▶ _Task item_
Before you return the lines below, strip out any images and keep every word as written.

▶ _Given data_
* * * * * * * * *

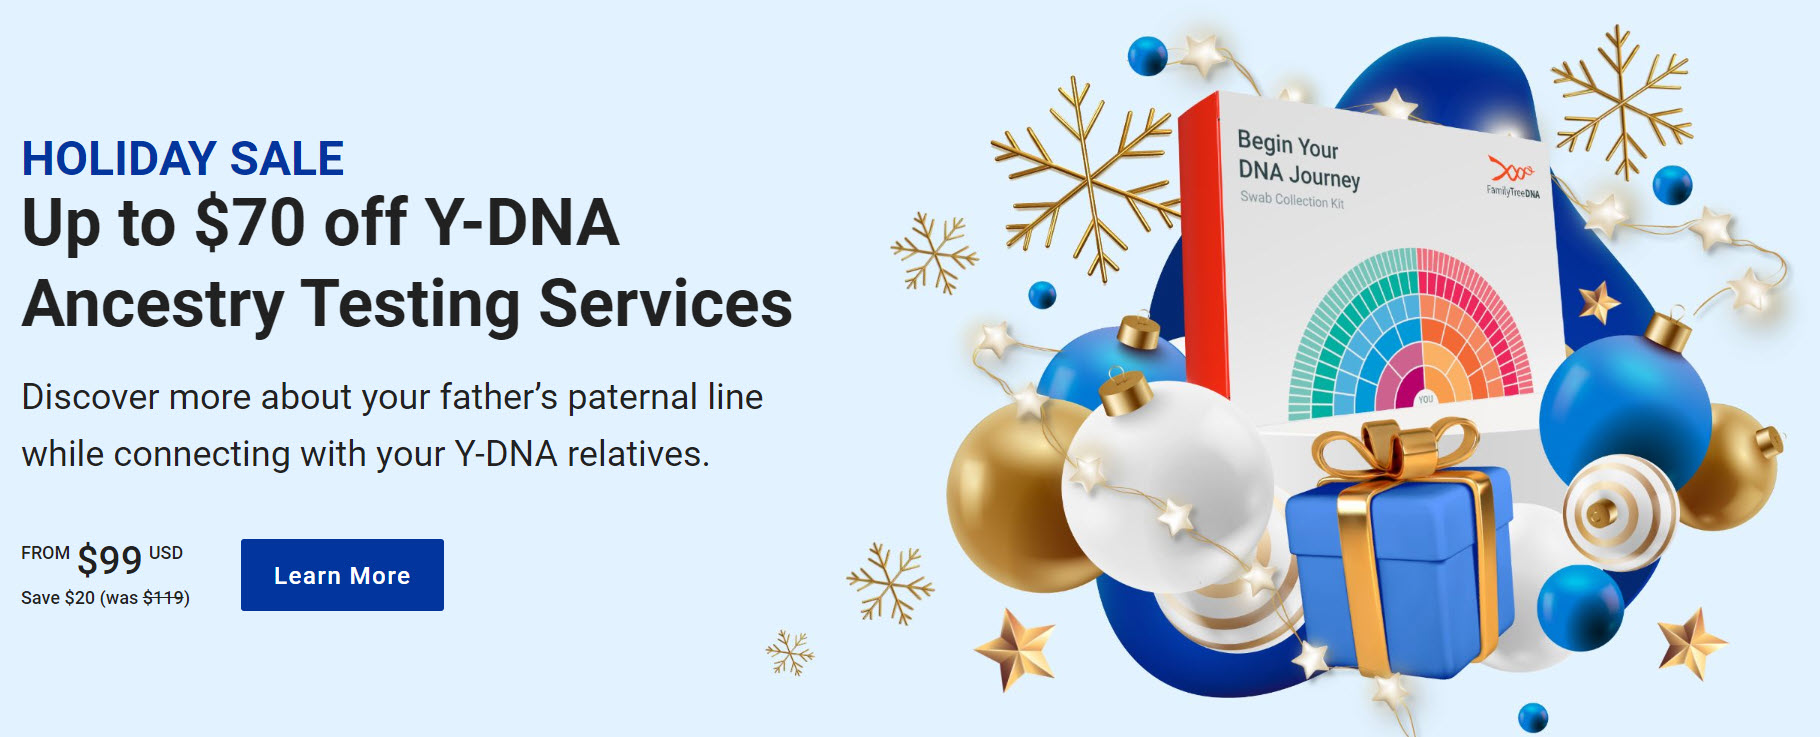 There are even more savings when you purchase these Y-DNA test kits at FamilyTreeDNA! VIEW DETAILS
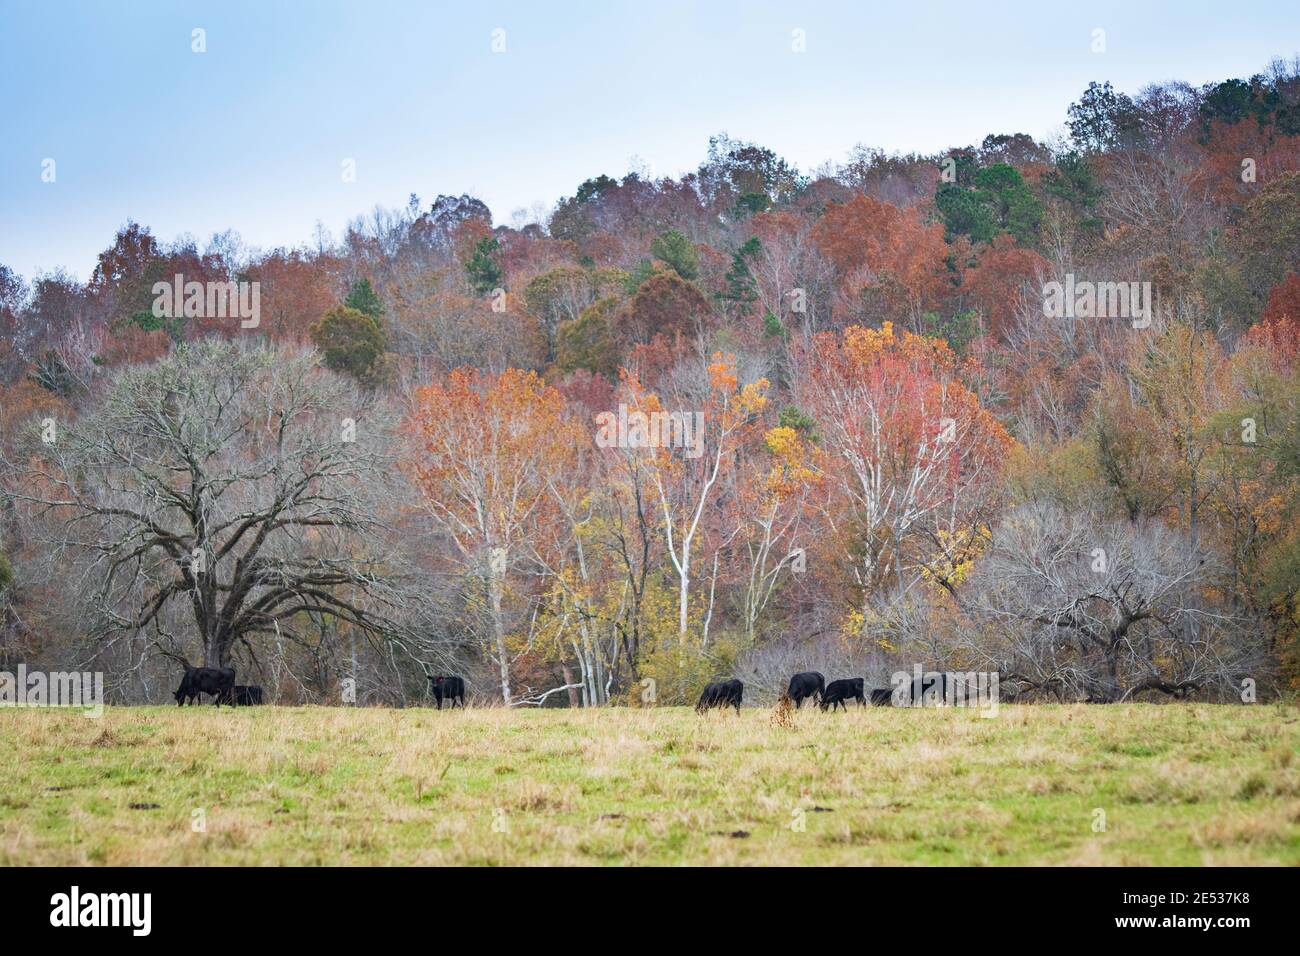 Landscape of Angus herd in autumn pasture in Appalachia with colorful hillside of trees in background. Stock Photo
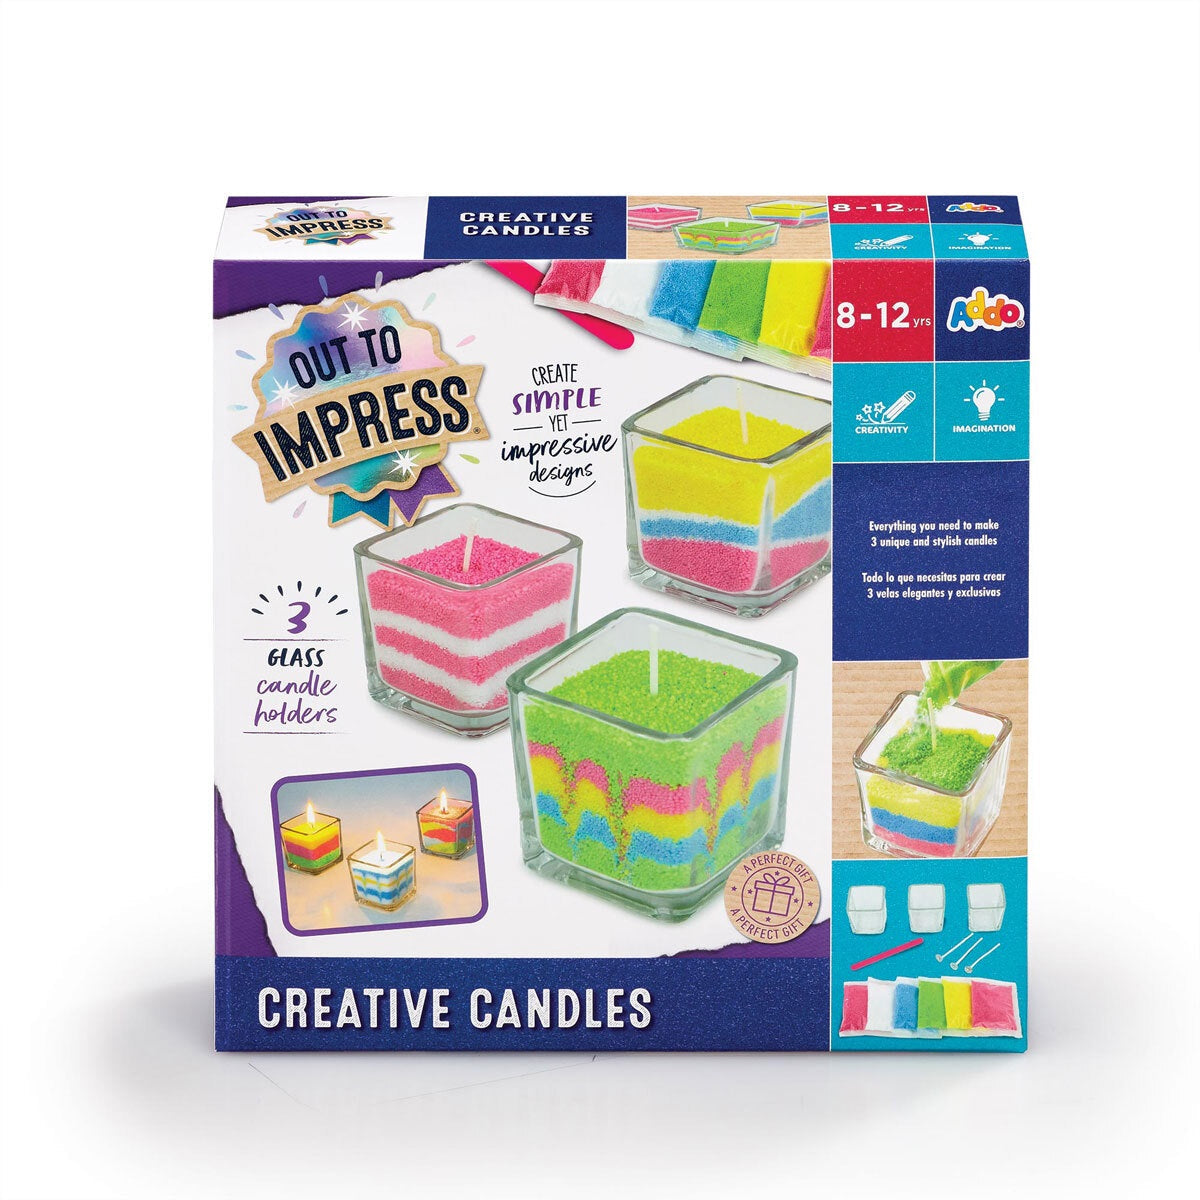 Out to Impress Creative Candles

* * * * * * * * *

▶ _Written response_
 There are even more savings when you purchase these Y-DNA test kits at FamilyTreeDNA! VIEW DETAILS
 Landscape of Angus herd in autumn pasture in Appalachia with colorful hillside of trees in background. Stock Photo
 Out to Impress Creative Candles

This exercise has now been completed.